Description
In #288, we changed NPD to run custom plugins on startup. I hoped this would allow NPD to always report an event immediately when the cluster is just created, no matter how big the invoke_internal
is.
However, this will not always work due to its interaction with kube-apiserver. What I observed during cluster creation was below.
- NPD started and invoked the custom plugin immediately, and then sent an event to kube-apiserver.
- The event was failed to be sent because kube-apiserver was not running yet. The event library will retry sending the event.
Unable to write event: 'Post https://x.x.x.x/api/v1/namespaces/default/events: dial tcp 3 4.68.6.201:443: connect: connection refused' (may retry after sleeping)
- kube-apiserver started.
- The event was re-sent to kube-apiserver but was rejected this time without further retry because of a permission error:
events is forbidden: User "system:node-problem-detector" cannot create resource "events" in API group "" in the namespace "default"' (will not retry!)
- https://github.com/kubernetes/kubernetes/blob/c8b45cd25c18e65798dde49fc7011495ea6021d5/cluster/gce/gci/configure-helper.sh#L568 was called to set up the permission.
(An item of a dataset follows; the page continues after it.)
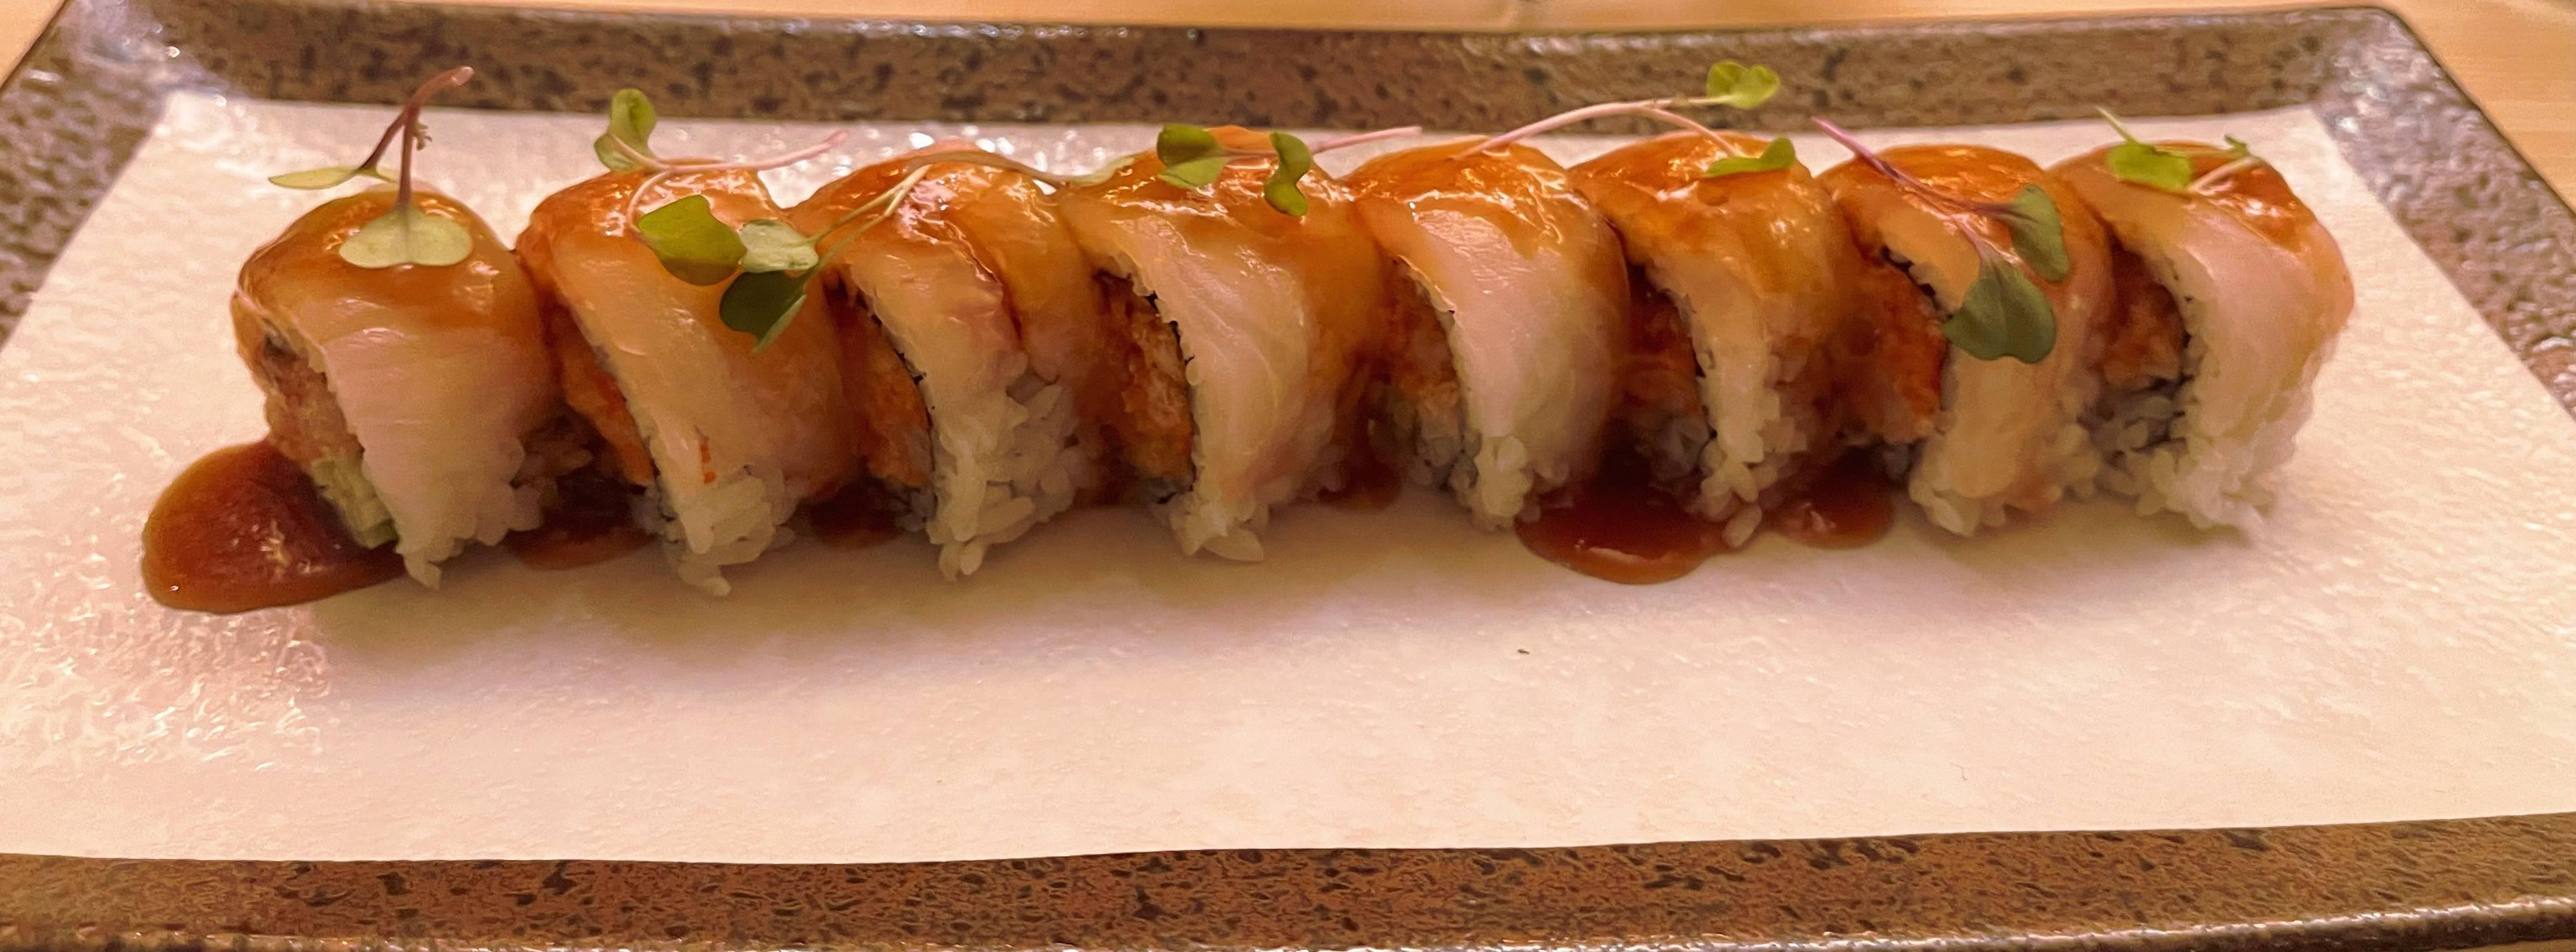 Ikyu 一休 (Ikyu sushi)

There is a small window between (3) and (5) - if the event is rejected during that interval the event will never be resent again.
Changing the event library to always retry on permission error may or may not make sense. But what we can do in NPD is to introduce a configurable initial_delay
for custom plugins. In this case, I can configure it to 1m with invoke_internal
still being 6h. The plugin will run after 1m when the NPD starts.